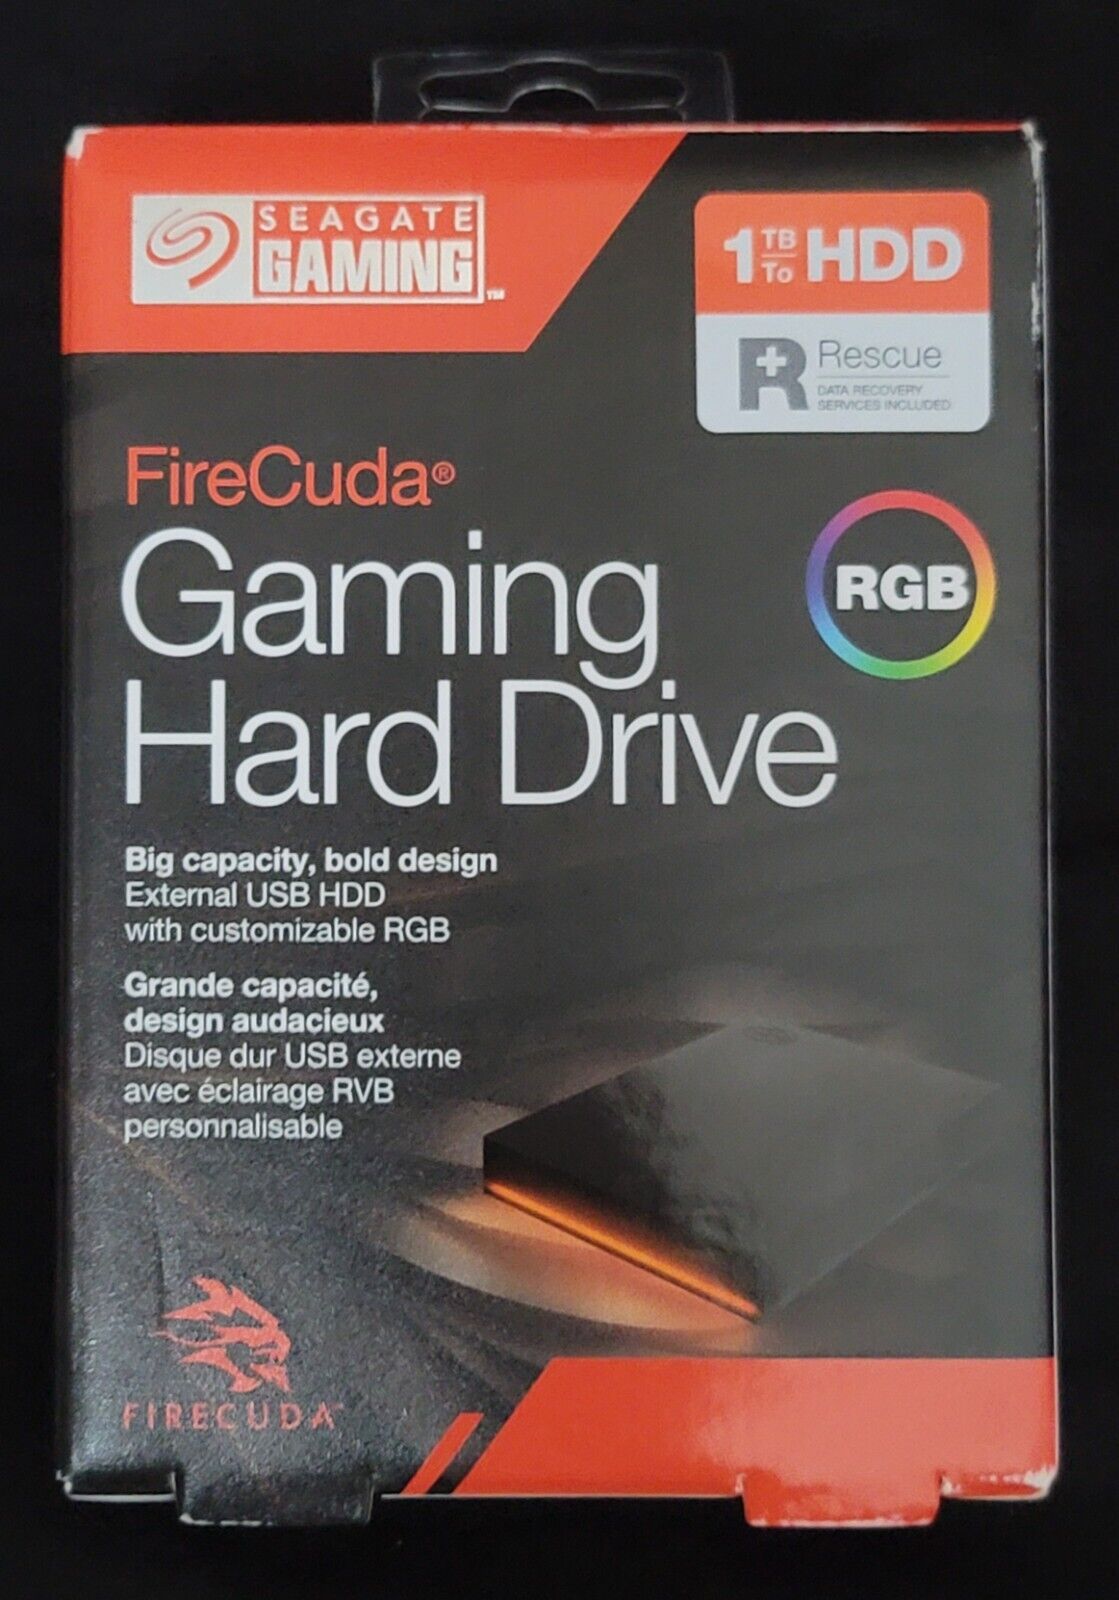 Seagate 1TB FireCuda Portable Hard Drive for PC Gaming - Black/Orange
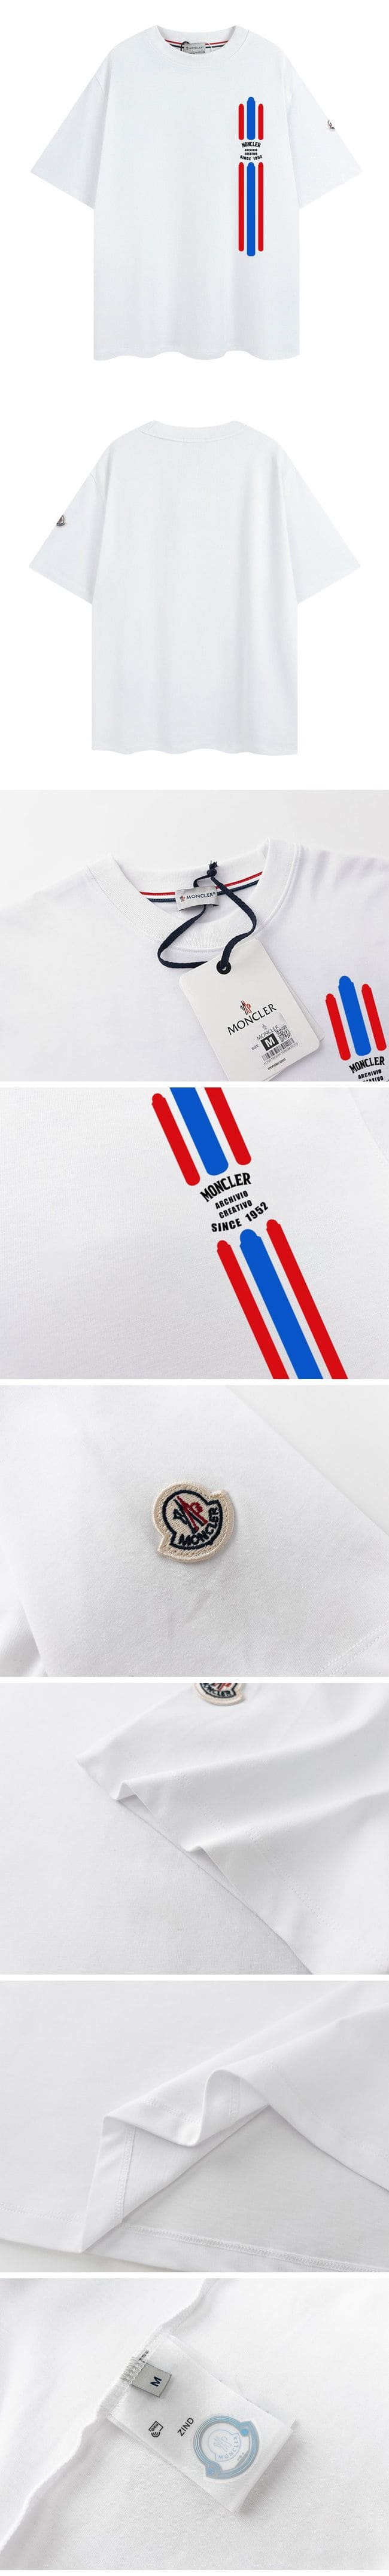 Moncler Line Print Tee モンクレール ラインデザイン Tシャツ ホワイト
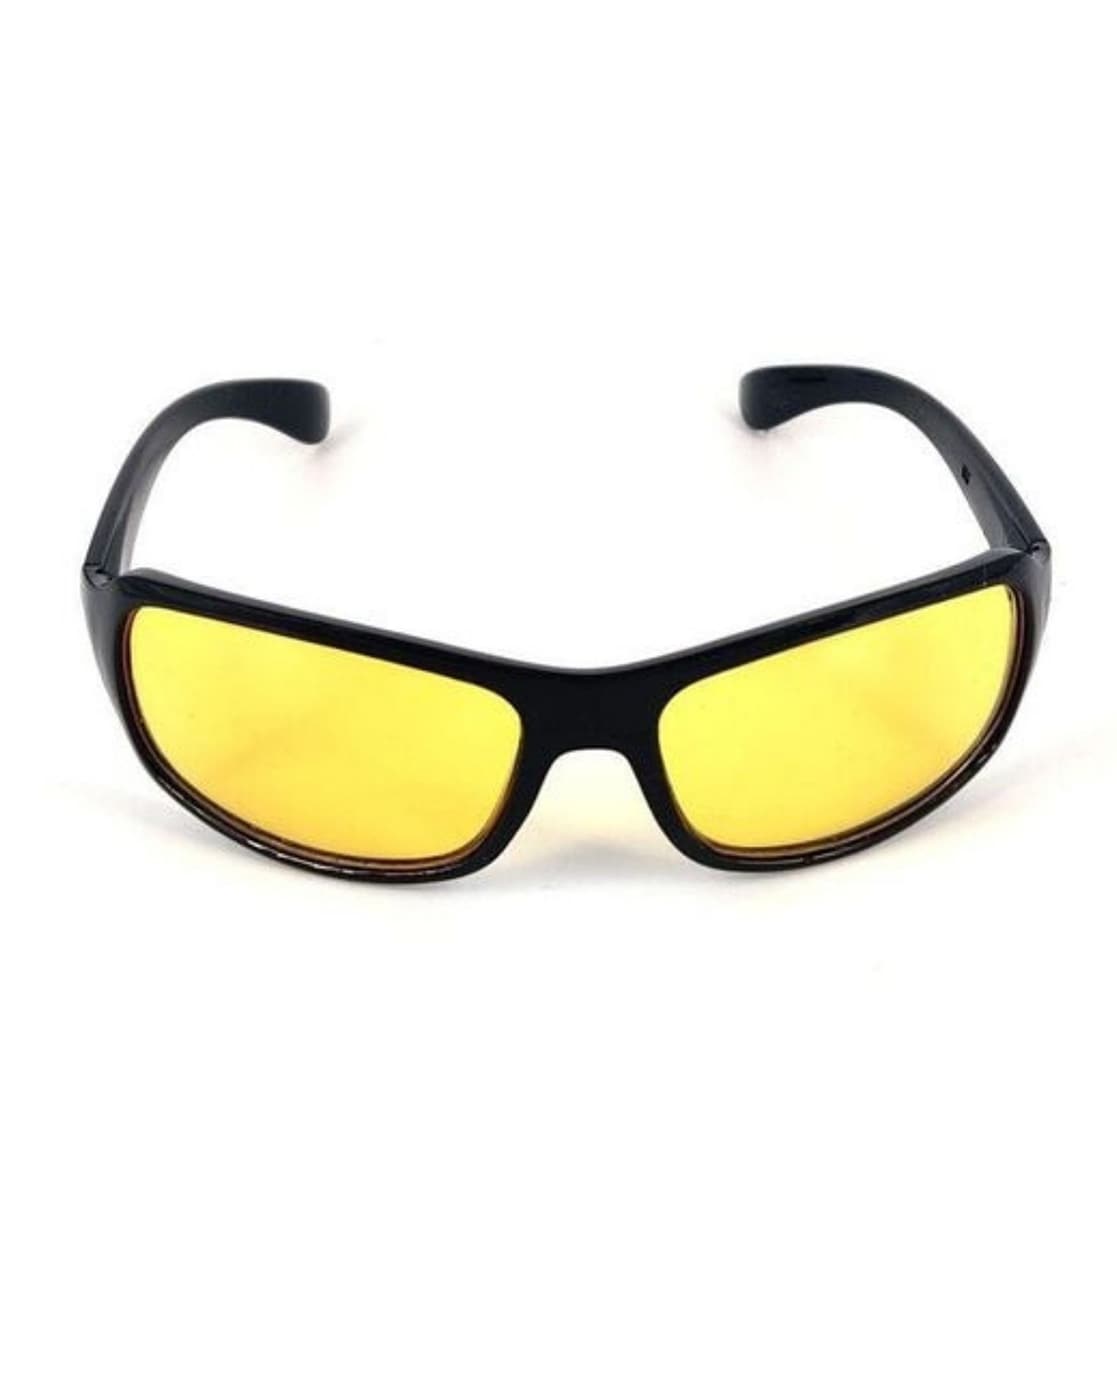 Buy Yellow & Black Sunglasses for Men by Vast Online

**What you have to do**: Retype all of the data above word for word, excluding the pictures.

**Your response**:
 Seagate 1TB FireCuda Portable Hard Drive for PC Gaming - Black/Orange
 Moncler Line Print Tee モンクレール ラインデザイン Tシャツ ホワイト
 Buy Yellow & Black Sunglasses for Men by Vast Online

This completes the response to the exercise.